» **What you will do**
Your copy should match the listing below exactly, except that it holds no images.

» **Data provided**
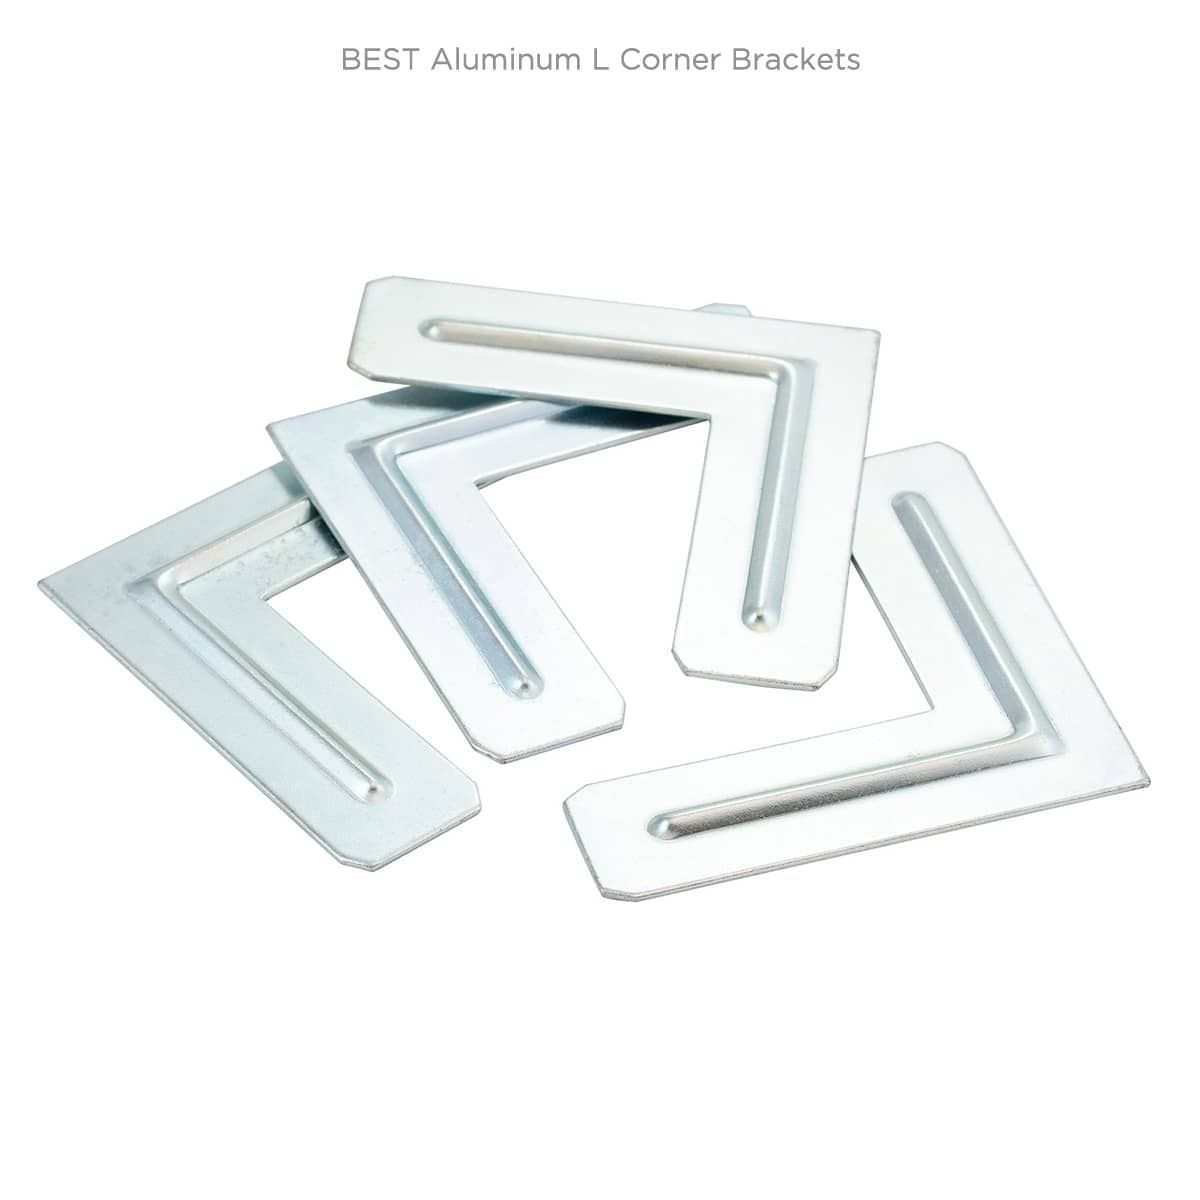 BEST Aluminum L Corner Brackets
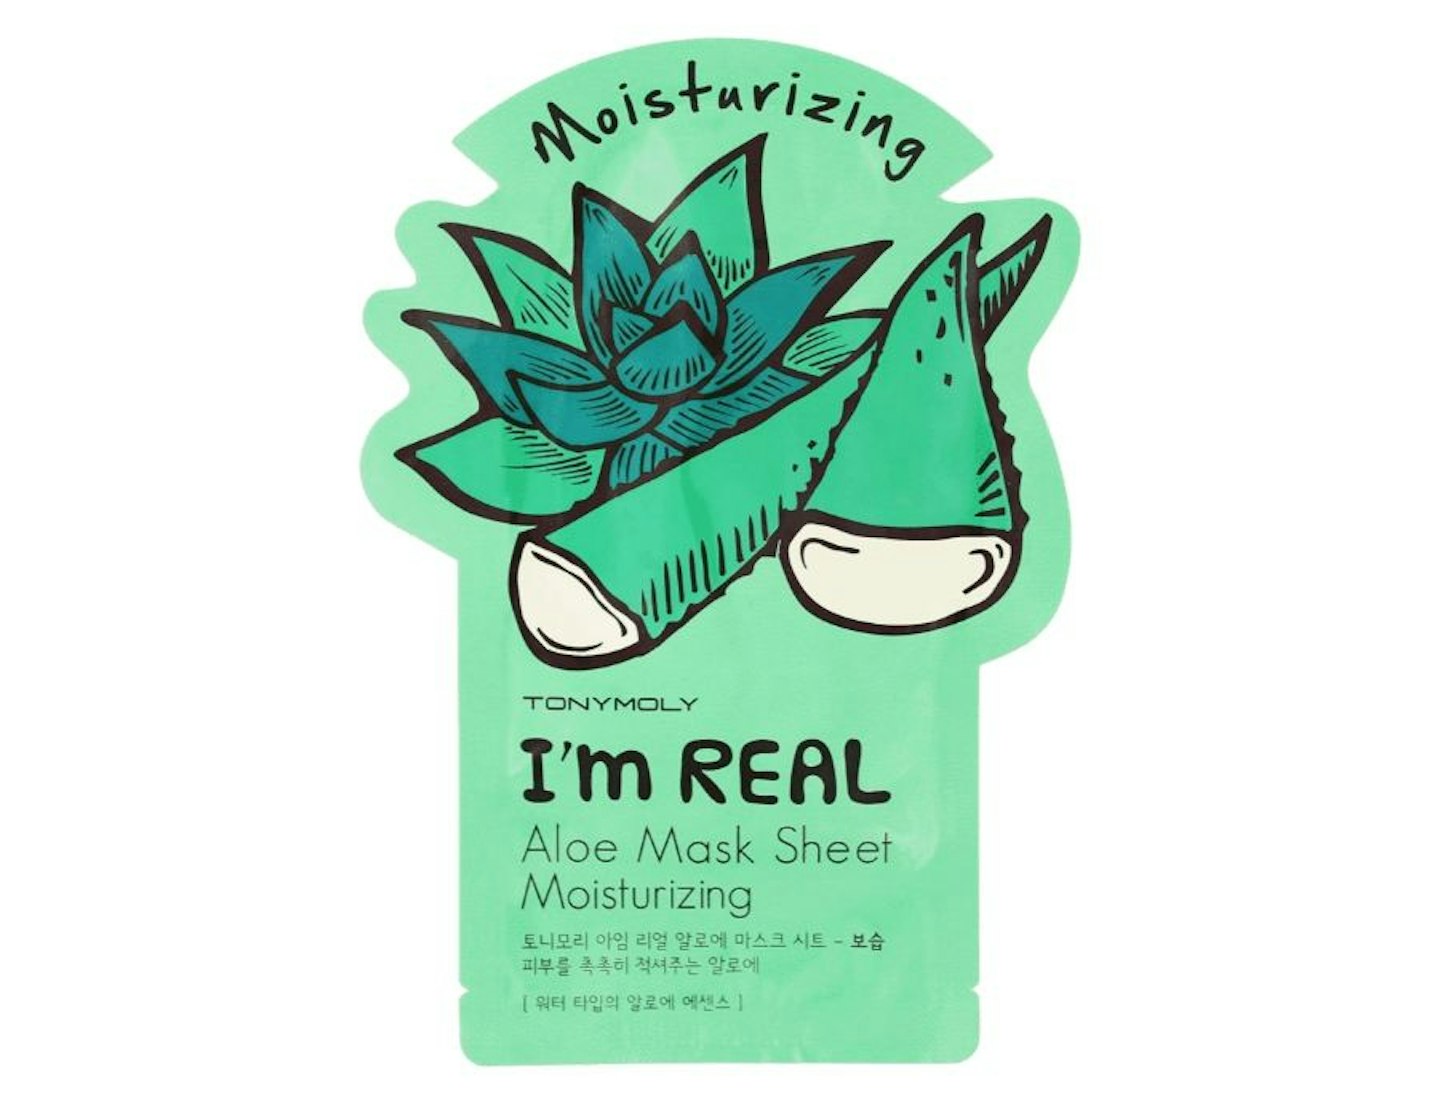 Tonymoly I'm Aloe Sheet Mask, 5.00, boots.com
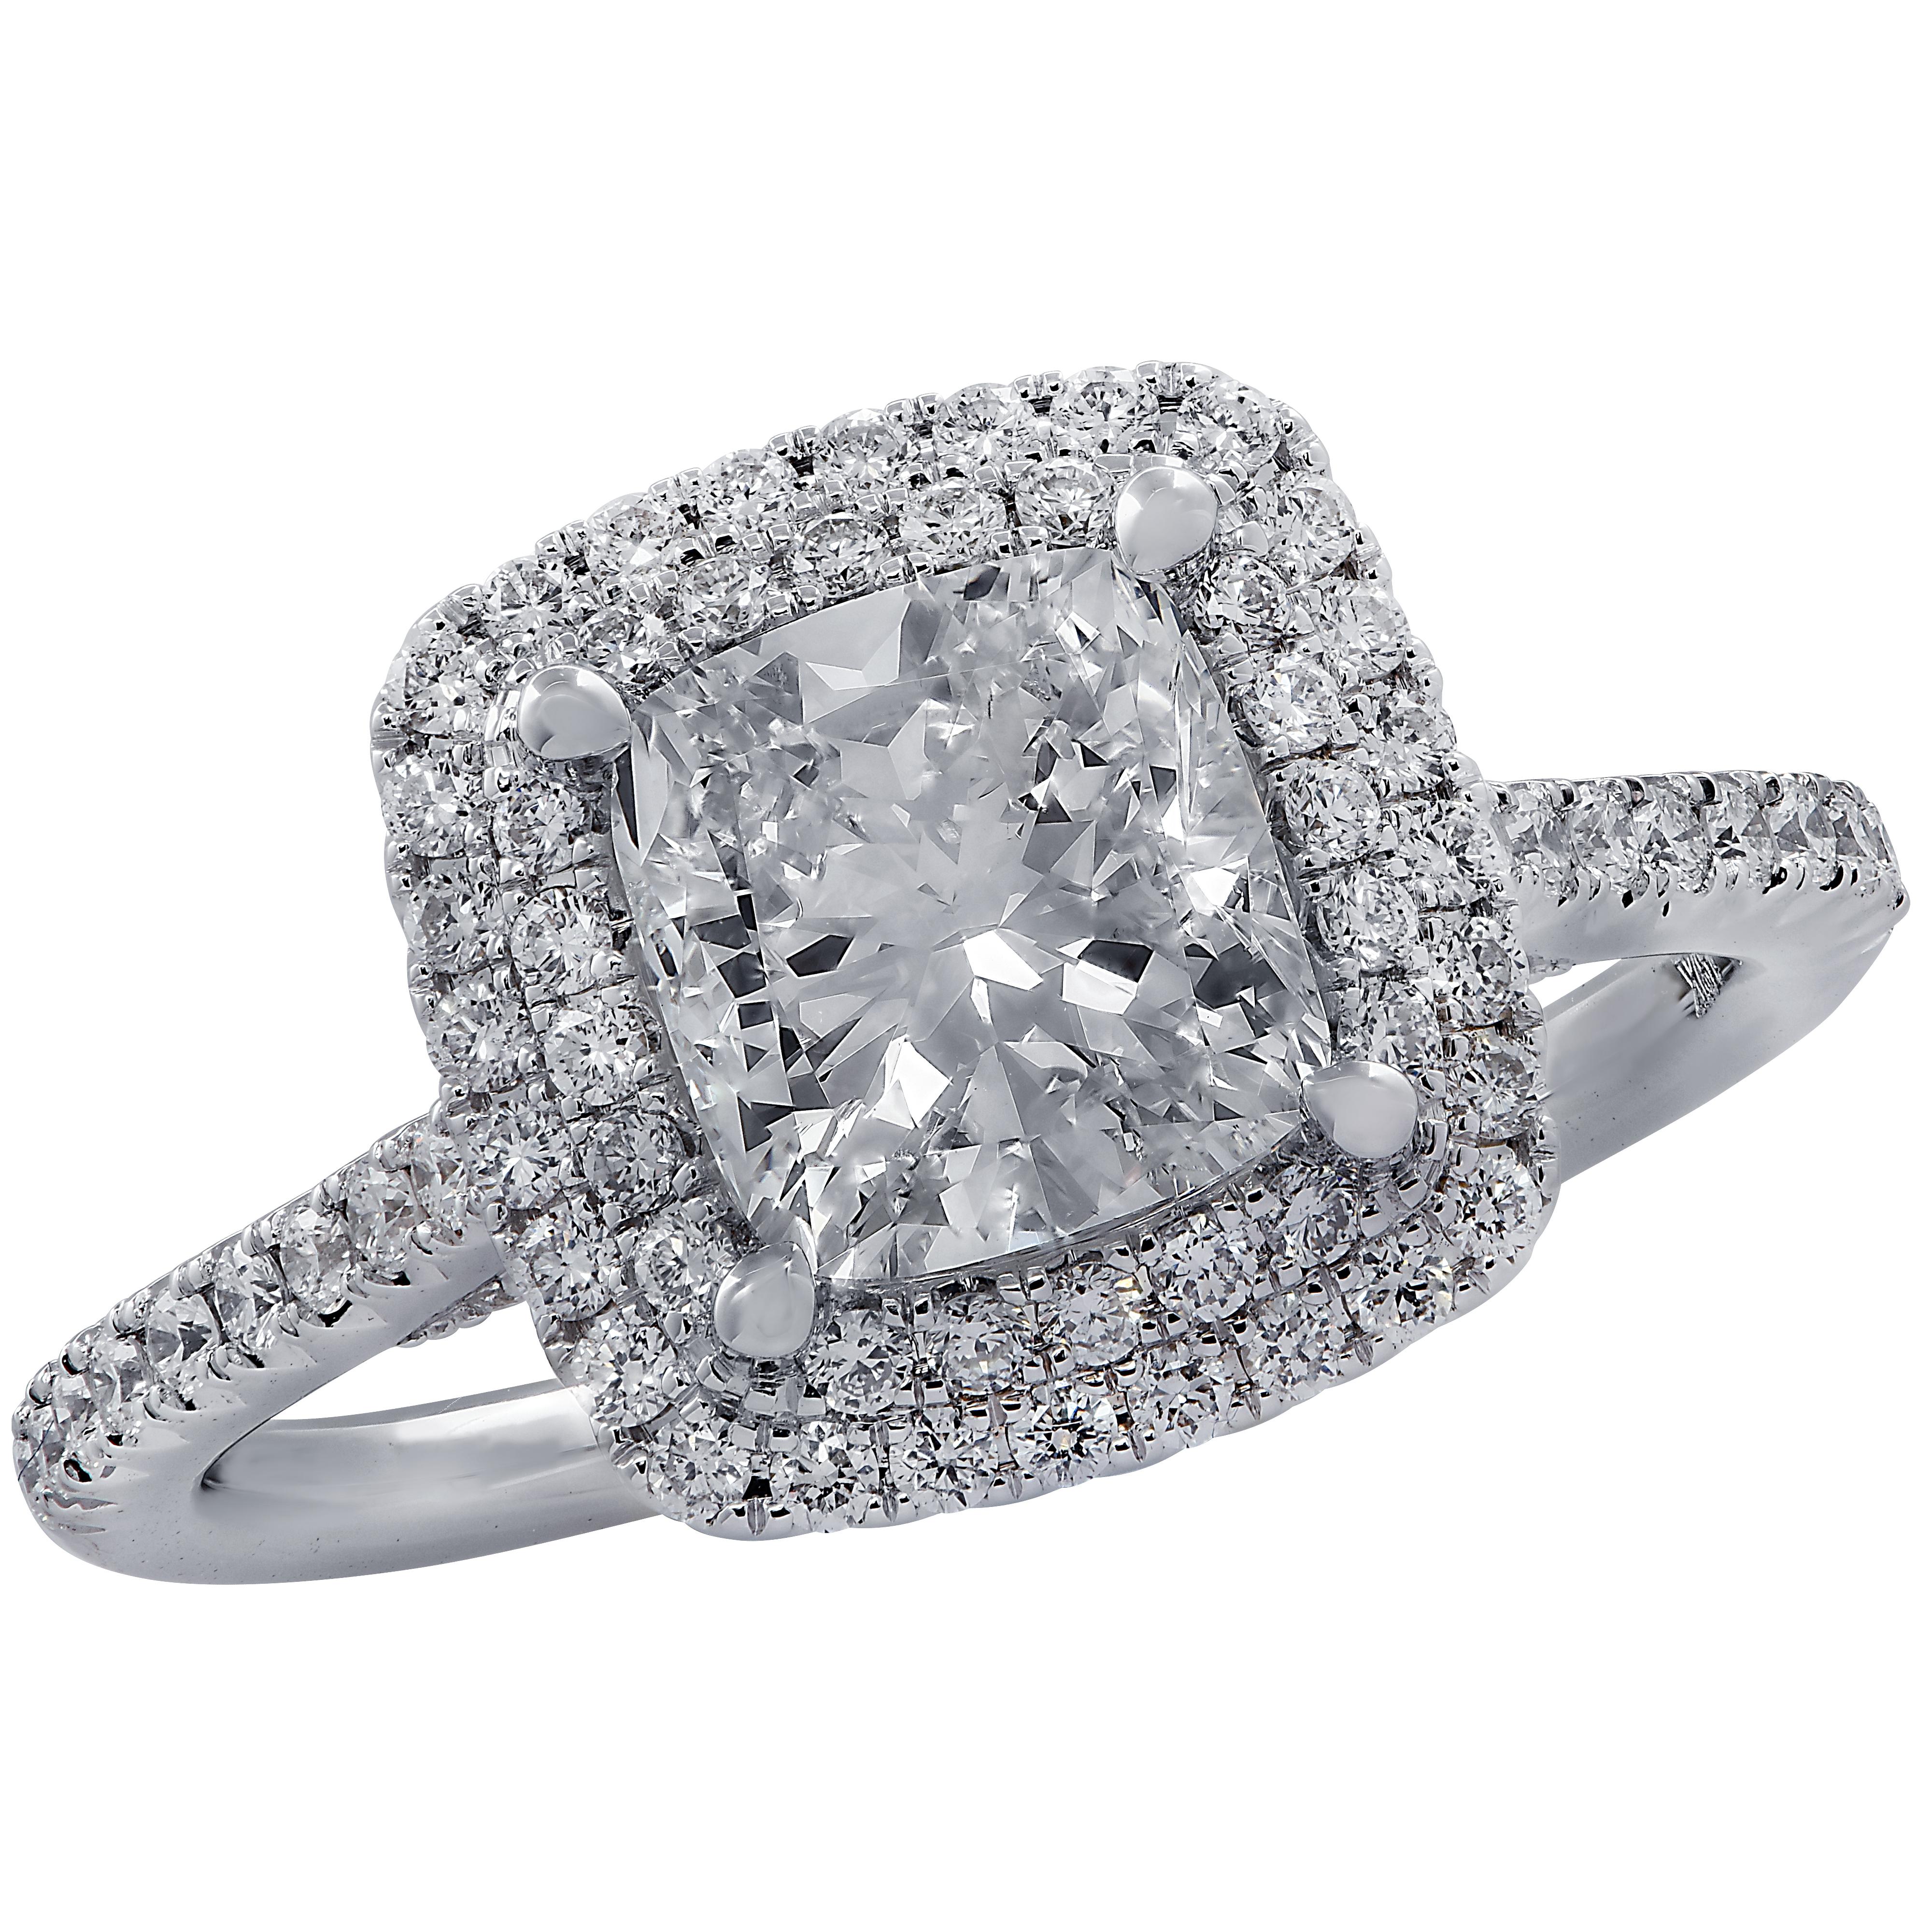 Vivid Diamonds GIA Certified 1.51 Carat Double Halo Ring

» **The completed task**
 BEST Aluminum L Corner Brackets
 Tonymoly I'm Aloe Sheet Mask, 5.00, boots.com
 Vivid Diamonds GIA Certified 1.51 Carat Double Halo Ring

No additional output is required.